November 26, 2018

November 25, 2018 Full Body

I had an absolutely packed day yesterday so I couldn't get to the track. Womp womp...I thought I would be fresher then for this workout, instead I was stiff, and really just flat.  I've written about this before; I don't do better with extra days off for some reason.  I don't feel "fresher".   I do perform better if I rearrange the week; so if I do a full body workout on Saturday instead of on Sunday the day after sprinting, I do fine.  But if I miss one of my workouts, invariably the next one is garbage.  The notable exception is max-effort sprinting, which seems to improve if I haven't worked my legs for 3+ days previously.   This particular  workout today was somewhat garbage, I barely got 365 on squatting, and same with 375.  I think part of it was Thanksgiving as well; I hate Thanksgiving food and it really bothers my stomach. 

One really good thing here is that the elbow feels about 90% and though my shoulder was a bit irritated today I would say it's about 90% as well.  Both well enough to go back to full-weight and volume on benching and back/lat work.  Celebrated with some landmine rows.  I love doing those things.  

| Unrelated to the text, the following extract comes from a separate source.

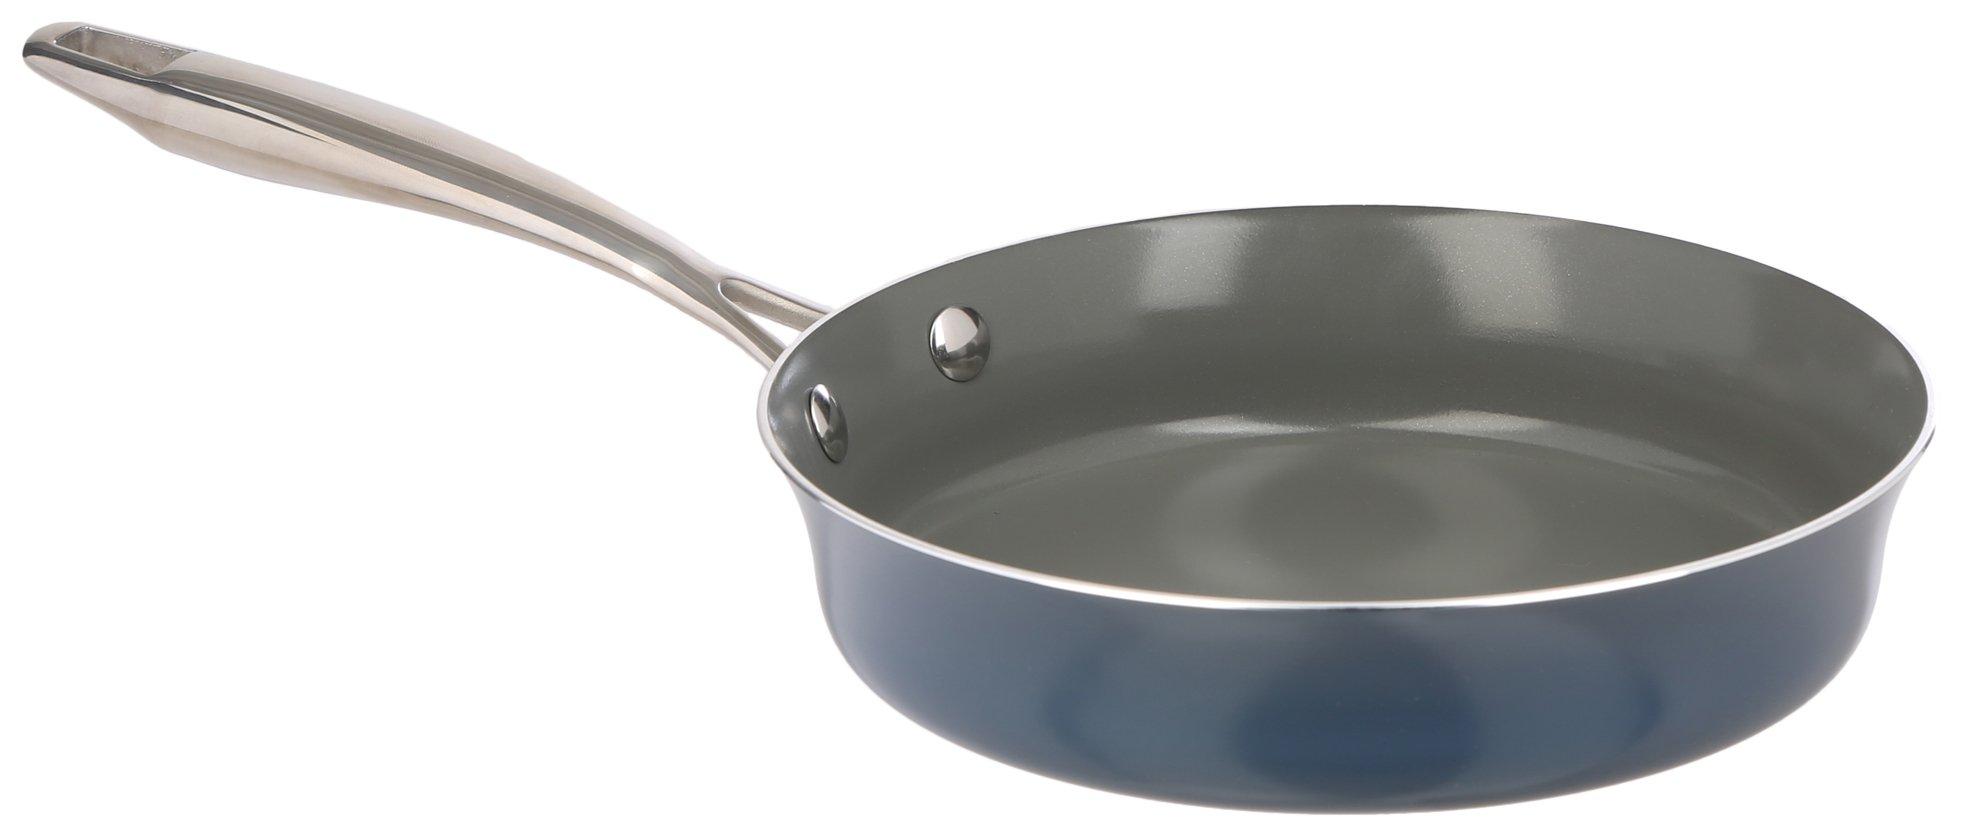 Zest Kitchen and Home Ceramic 10in. Non-Stick Fry Pan
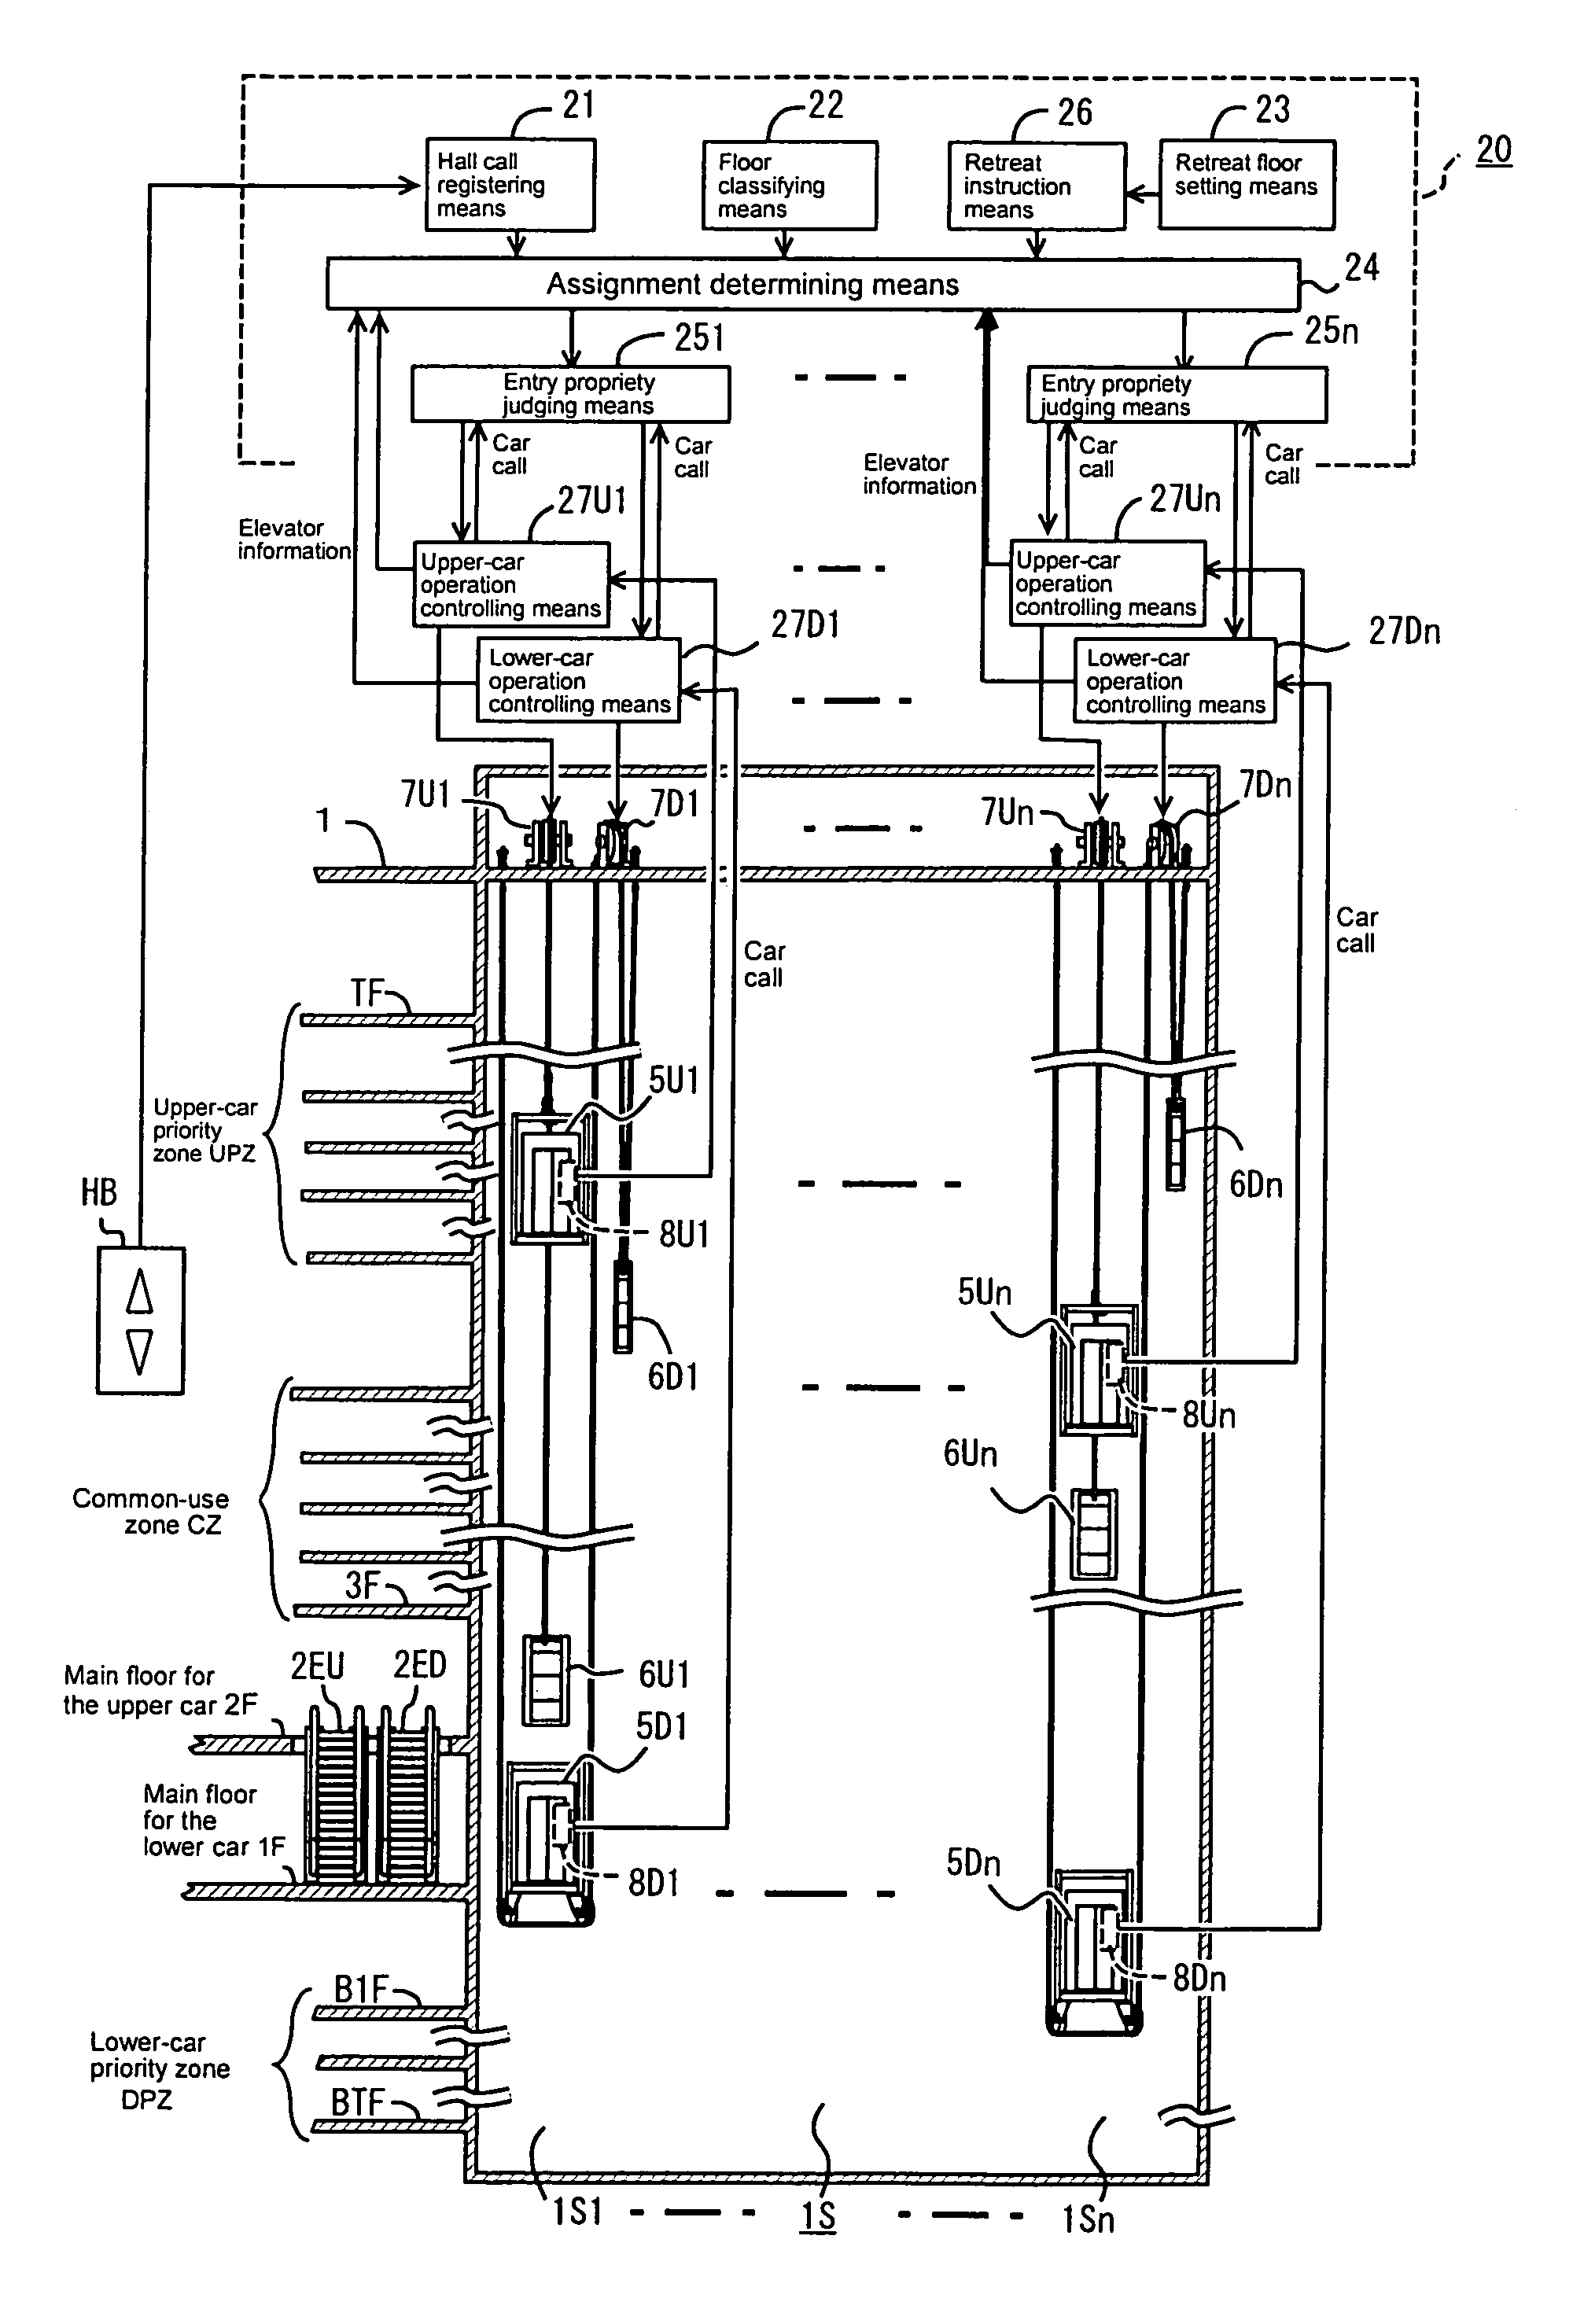 Apparatus for elevator group control

  • Squats: 315*1 350*1 365*1 375*1
  • Front Squats: 250*1 275*1
  • BB Flat: 240*3 255*3 270*2 285*1 295*1
  • LM Rows: 225*5 250*5 270*5 
  • Pull-Throughs: 150*10, 10 
  • Standing Calves: 180*12, 12
  • DB Farmers: 120*60, 40 
  • NS FS Paloffs: 32.5*10, 10 

November 21, 2018 Full Body

I was pressed for time here, which is fine because I was tired anyway.  I've had this awful jury duty for the past few days that's forced me to work late into the night doing my actual job which I can't do during the day while at jury duty. 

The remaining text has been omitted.